Prices start at around £40,000; for that you get a generous level of standard equipment: adaptive cruise control, front and rear parking sensors, dual-zone air conditioning, active parking assistance and heated front seats, along with the rather impressive combination of a 10.2-inch drivers display and a colossal 15.5-inch central infotainment screen. This takes a bit of getting used to in practice, mainly due to its considerable size, but those who've used Ford's SYNC3 system will recognise certain elements. Overall, it works well and is easy to use.

That screen dominates the car's well thought-out interior, which itself is filled with clever storage spaces (particularly in the centre console) and, in our top-spec test example, a great combination of leather upholstery, quality trim elements and an overall feel of exclusivity that's lacking from lesser Ford models. 

That higher-end interior is matched by an exterior which, to the untrained eye, could belong to any number of luxury-car brands. Enthusiasts will spot the Mustang styling cues in the lights, grille outline and horse badges, but generally this car shares more with the current crop of rakish electric SUVs than any Ford Mustang from the past.

It certainly doesn't drive like any other Mustang, either. Get underway at low speed and there's very little noise from the electric motors. The throttle has immediate response and it's easy to tap into the power available – the most powerful, four-wheel-drive Mach-E currently available has sufficient performance to trouble some much sportier machinery. There are three driving modes, called Whisper, Active and performance-orientated Untamed; the first of these is the most pleasant in our view, making the car smoother to drive and cutting off the slightly silly sound synthesiser that aims to reproduce the noise of a petrol V8 engine. 

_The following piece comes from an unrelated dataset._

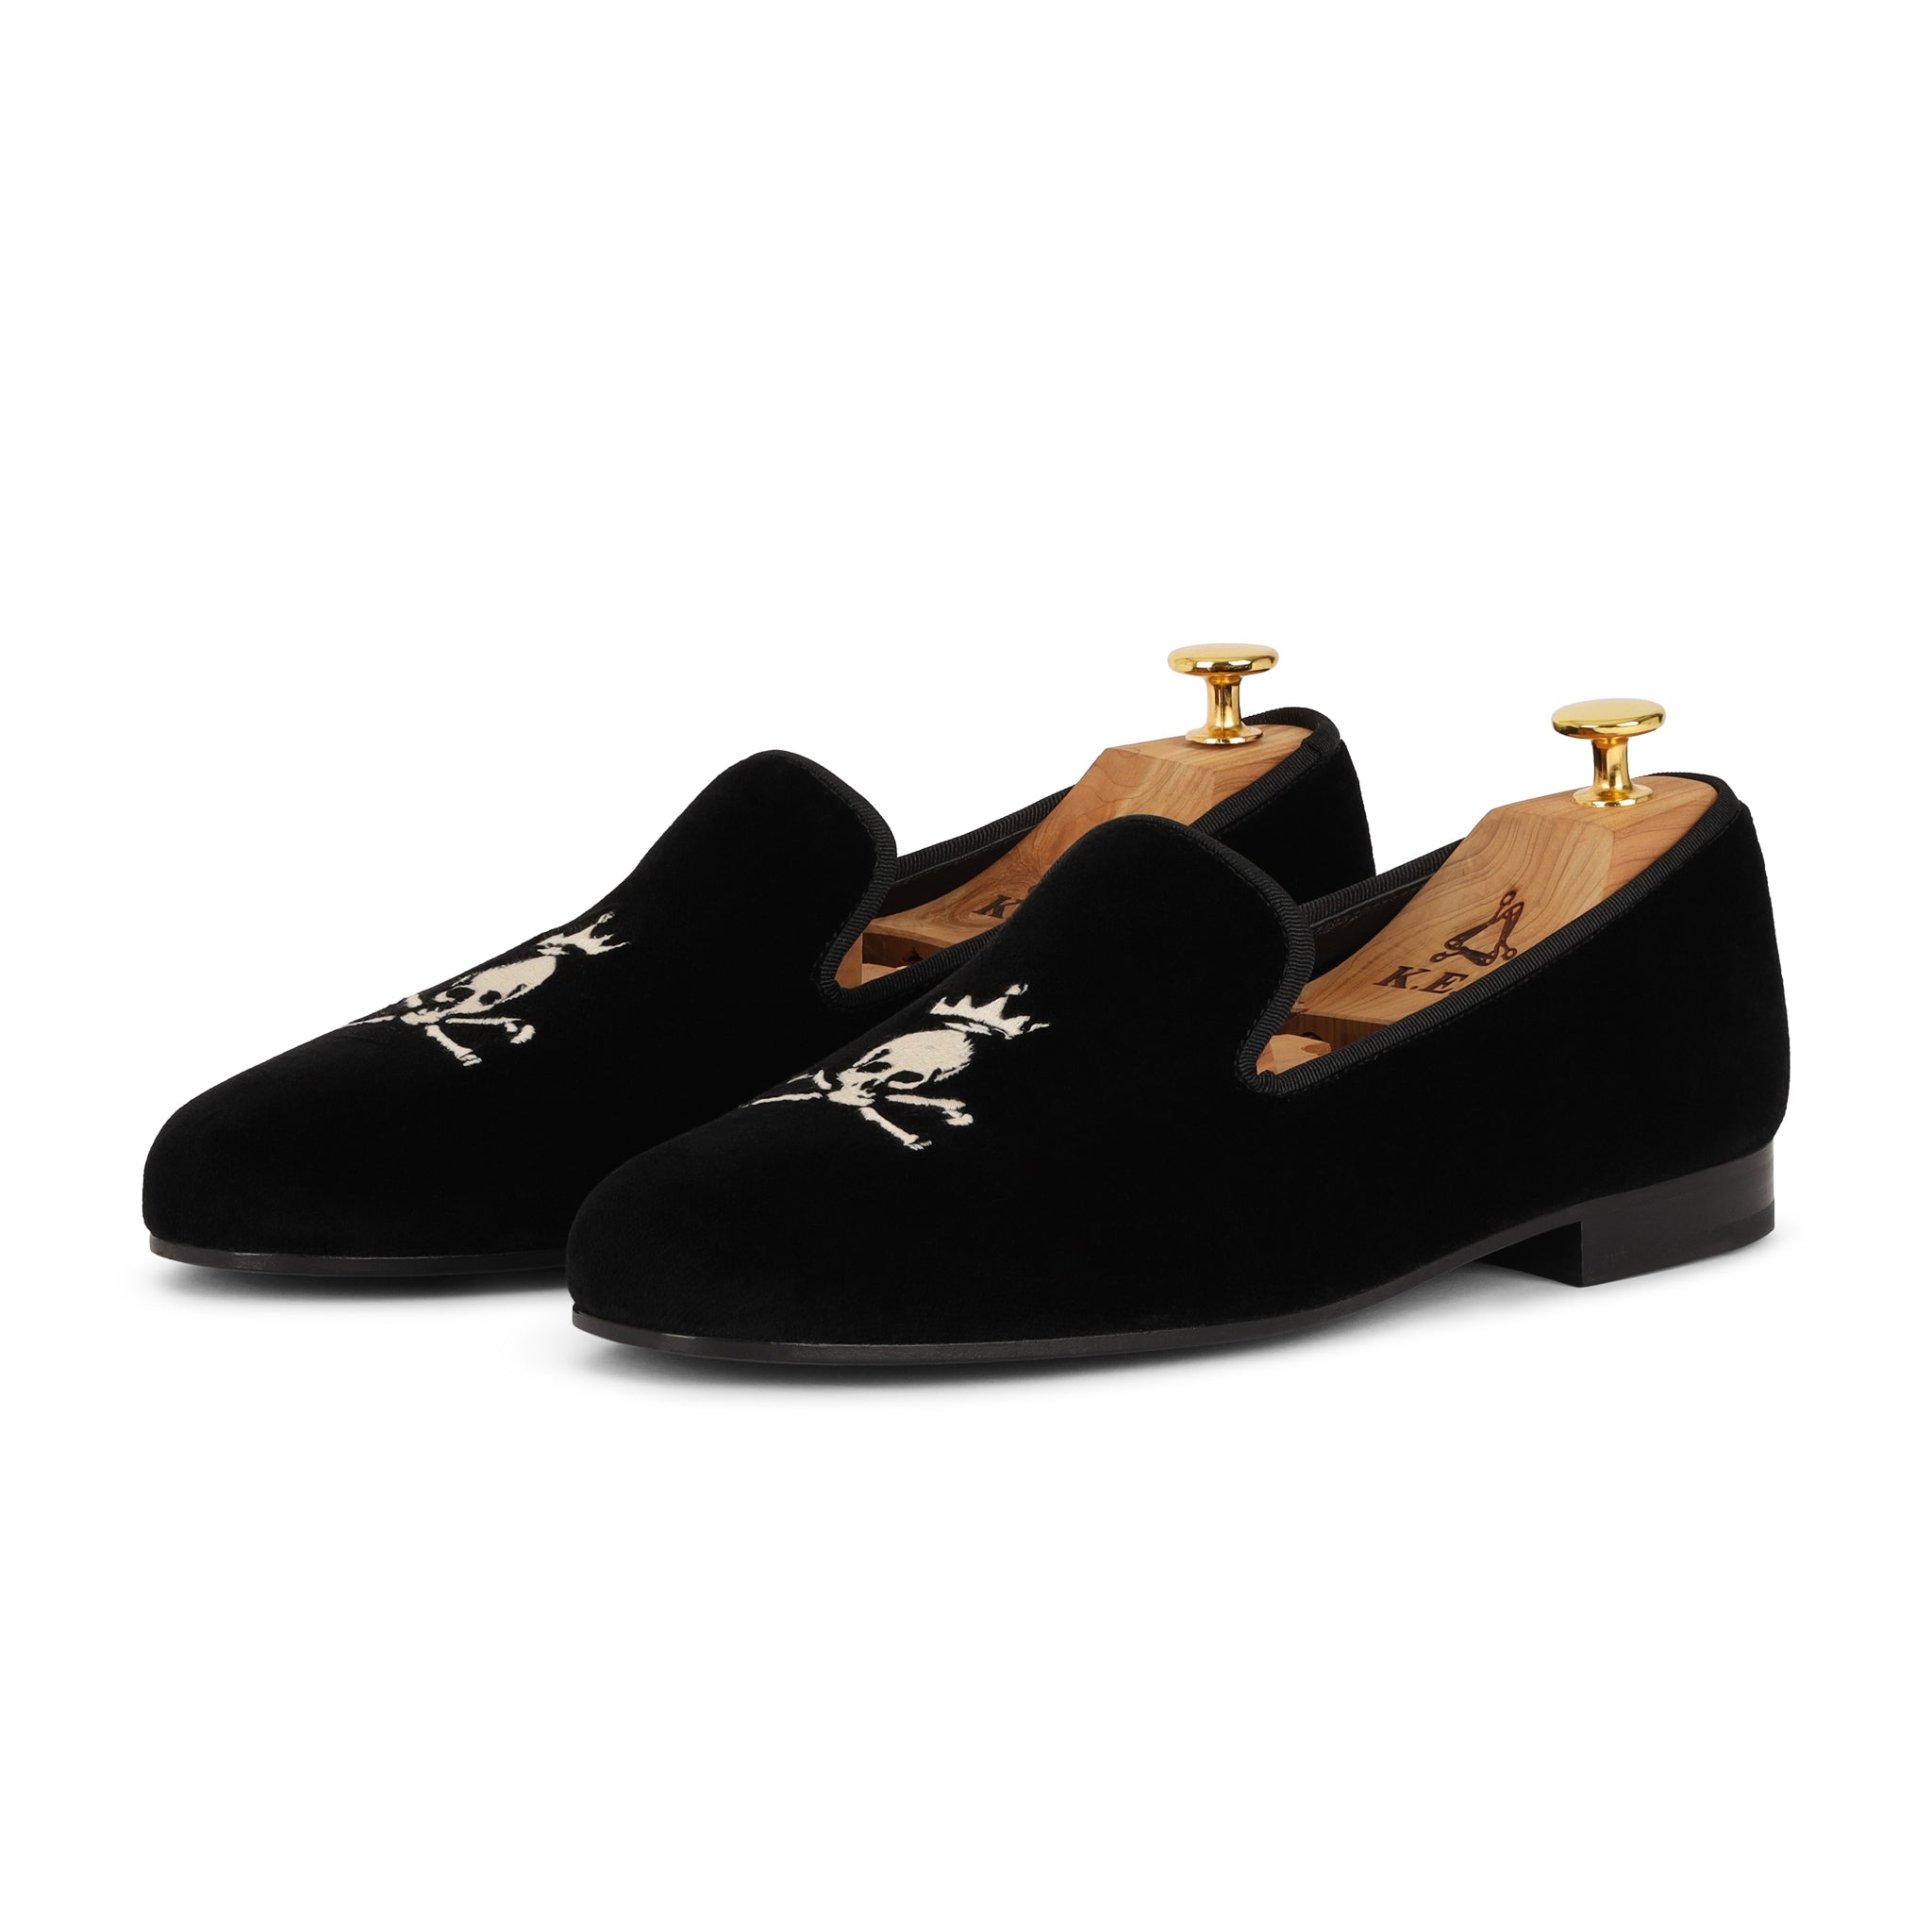 black velvet slippers with couple's monogram | Monogrammed slippers,  Embroidered shoes, Black velvet slippers

There's also a single-pedal driving setting that allows for very relaxing town driving: simply lift off the accelerator to slow down and come to a stop. At higher speeds on the motorway, you can enjoy the Mach-E's great refinement, with only a bit of front-end wind noise really worth mentioning. 

The Mach-E's silent yet punchy performance is matched by a chassis that has more of a focus on eliminating body roll than many SUVs of this size. The trade-off, however, is suspension that feels a little too firm for UK roads, never really settling down on rougher surfaces. And while Ford has a strong recent record for creating cars with very nice steering brimming with feedback, the Mach-E's system doesn't quite continue the trend, feeling vague around the straight-ahead and being a bit too keen to respond to inputs beyond that. It's particularly odd in Untamed mode. 

Practicality hasn't been forgotten about, and in many places there are clever touches that may help you pick the Ford over a more conventional rival. There's space for five adults thanks to the car's flat floor, while the 519-litre boot is supplemented nicely by an 81-litre, dividable 'frunk' located where the petrol or diesel engine would need to be in a conventional SUV. However, the sloping rear window will make transporting squarer items a bit more difficult – not an issue the forthcoming Volkswagen ID.4 has. 

Overall, the Ford Mach-E is another strong contender in an area of the electric-car market that's growing rapidly. It seems to offer everything buyers want, with strong headline range figures, show-stopping technology and a bold look to help it stand out on the road. We look forward to putting it head-to-head with its rivals from Tesla, Skoda, Volkswagen – and even Jaguar, BMW and Mercedes – in the near future.